Legislation languishing, ineffective
EWG says it is pushing the federal government to impose stricter standards on bottled water so that consumers receive more information on what they’re buying. In June 2009, a committee of the U.S. House of Representatives held a hearing on bottled water regulation after the release of two alarming pieces of research: EWG’s first bottled water scorecard and a report by the Government Accountability Office concluding that the FDA’s consumer and safety regulations for bottled water are at times less stringent than EPA’s protections for tap water. A Senate committee held a similar hearing in December 2009, during which Sen. Frank R. Lautenberg (D-N.J.) introduced a bill that would provide consumers more information about the origin and quality of bottled water (the bill expired with the last Congress and has not been reintroduced).

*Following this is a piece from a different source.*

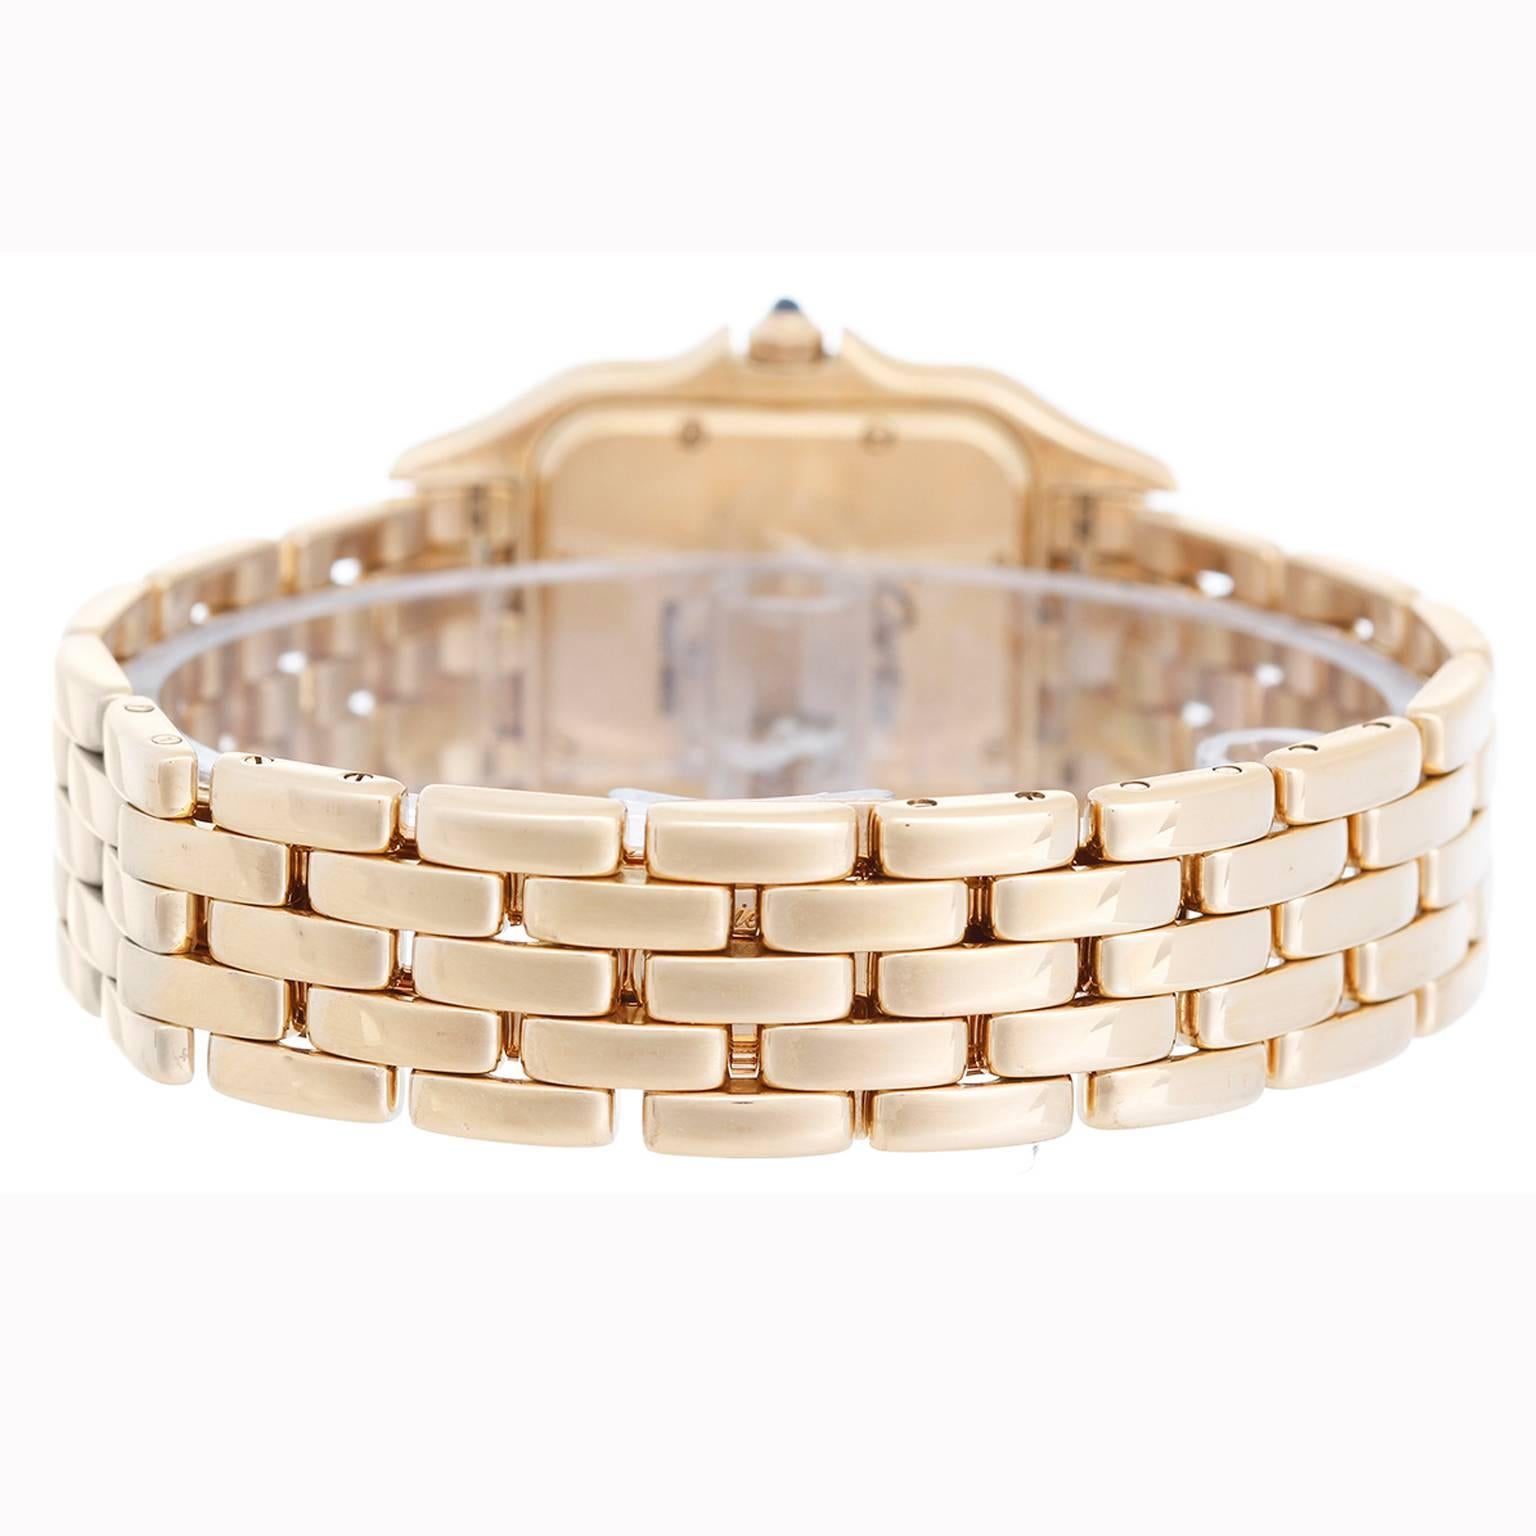 Cartier Panther 18k Yellow Gold Ladies Quartz Midsize Watch with Date -  Quartz. 18k yellow gold case (27mm x 37mm). Ivory colored dial with black Roman numerals and date at 3 o'clock. 18k yellow gold Cartier Panther bracelet with deployant clasp.
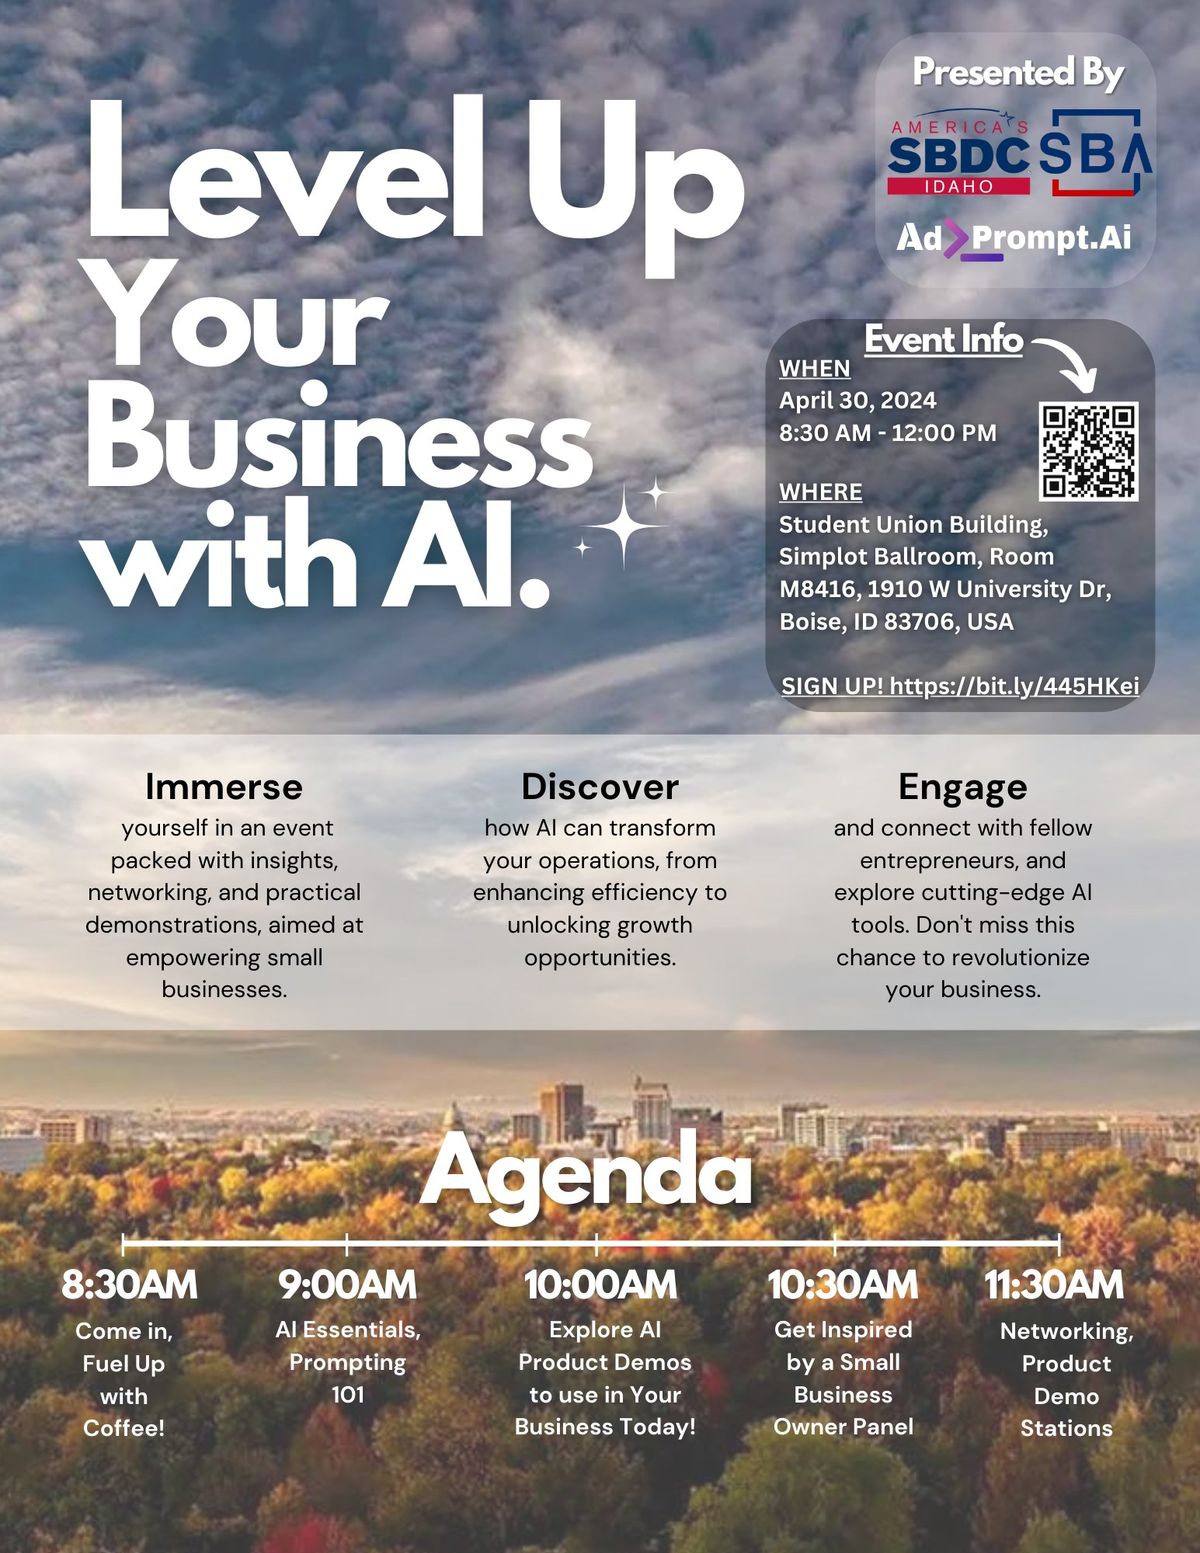 Level Up Your Business With AI

But no concrete action has been taken by Congress, and EWG reports that mounting scrutiny from consumer groups and lawmakers don’t appear to have manufacturers worried. In its 2011 scorecard, EWG found that 11 brands (15%) disclosed even less information than they did in EWG’s first scorecard from 2009, and that 27 (38%) disclosed only the same amount. (Twenty-eight brands, or 39%, disclosed more information).
Worse, the report raises the worrisome possibility that states’ efforts to regulate bottled water in the absence of more stringent federal laws may not do the trick. The state of California in 2007 enacted a disclosure law (SB 220) requiring manufacturers to make available to consumers beginning Jan. 1, 2009 the source of their water products and two ways to contact the corporation for a water quality report. However, the EWG report found that makers of at least 35 of 96 brands have ignored the law (others might be as well, but the absence of bottling dates on some products made it impossible for EWG to know if the manufacturers were out of compliance).
Just turn on the tap
So what can consumers do? Save money and the environment, says EWG, and filter your own tap water.
“The reality is that for most of the country the water is pretty good, and when you actually filter it you get very good water,” says Leiba. And because municipalities are required by law to publish water quality reports for their communities, consumers can reference them to buy filters that will target contaminants of concern in their immediate area. (EWG publishes a guide to home water filters on its Web site).
For the office, errands, trips to the gym and other small jaunts, EWG recommends carrying home-filtered water in a stainless steel bottle (to avoid contaminants from plastic). When traveling out of town, it recommends checking labels on bottled water and choosing only those products that respect consumers’ “right to know” by providing source and treatment information.